L'organizzazione per i diritti civili Software Freedom Conservancy (SFC) ha criticato tale definizione. La frustrazione è causata dal fatto che nei criteri non ci sono requisiti per fornire i dati utilizzati per l'addestramento del modello. Nella definizione OSI è richiesto solo di fornire dettagli sui dati utilizzati per l'addestramento, ma non i dati stessi. La definizione approvata garantisce solo due delle quattro libertà dichiarate dell'Open Source: la possibilità di utilizzare e quella di distribuire, mentre le possibilità di modificare e studiare non sono completamente garantite.

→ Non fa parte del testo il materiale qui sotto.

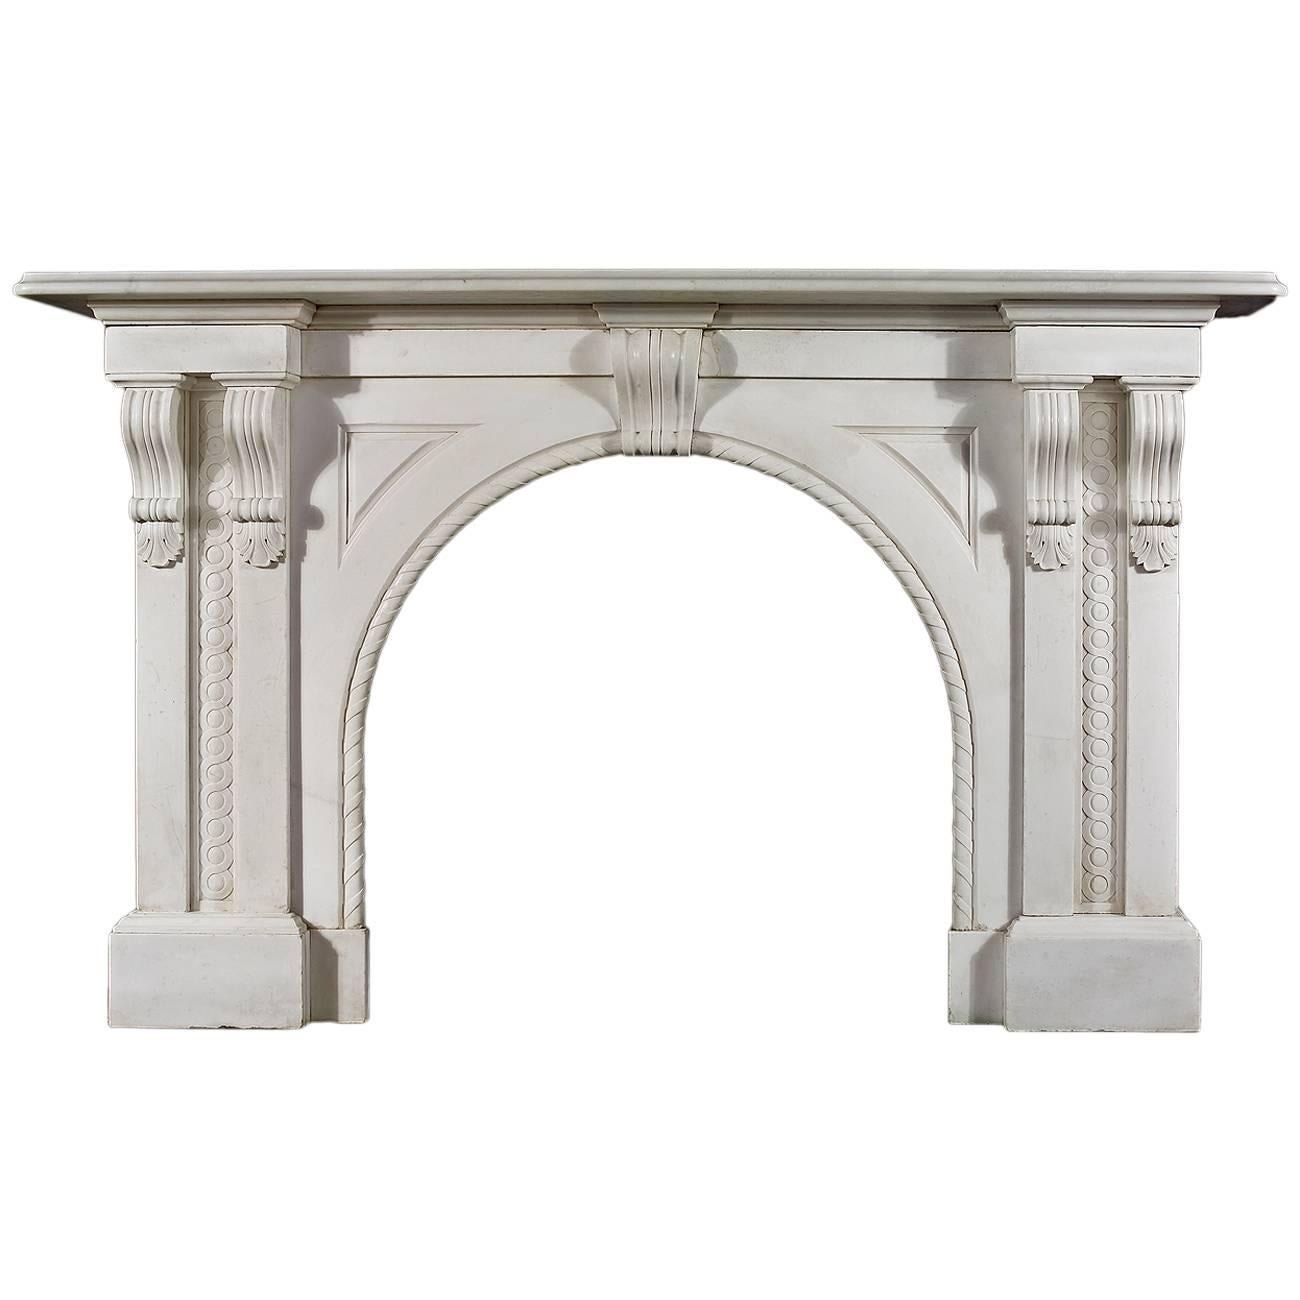 Antique White Statuary Marble Victorian Arched Fireplace Mantel For Sale

La soluzione OSI è spiegata dal fatto che la pubblicazione dei dati sorgente in molti casi è impossibile a causa di motivi al di fuori del controllo dello sviluppatore del modello AI, come la necessità di preservare la riservatezza, l'uso di materiali protetti da copyright, la licenza dei dati da fornitori terzi, e così via. Se venisse aggiunto un requisito di fornitura dei dati, nessuno dei modelli linguistici di grandi dimensioni esistenti otterrebbe lo status di aperto, e la stessa definizione diventerebbe un'utopia irraggiungibile.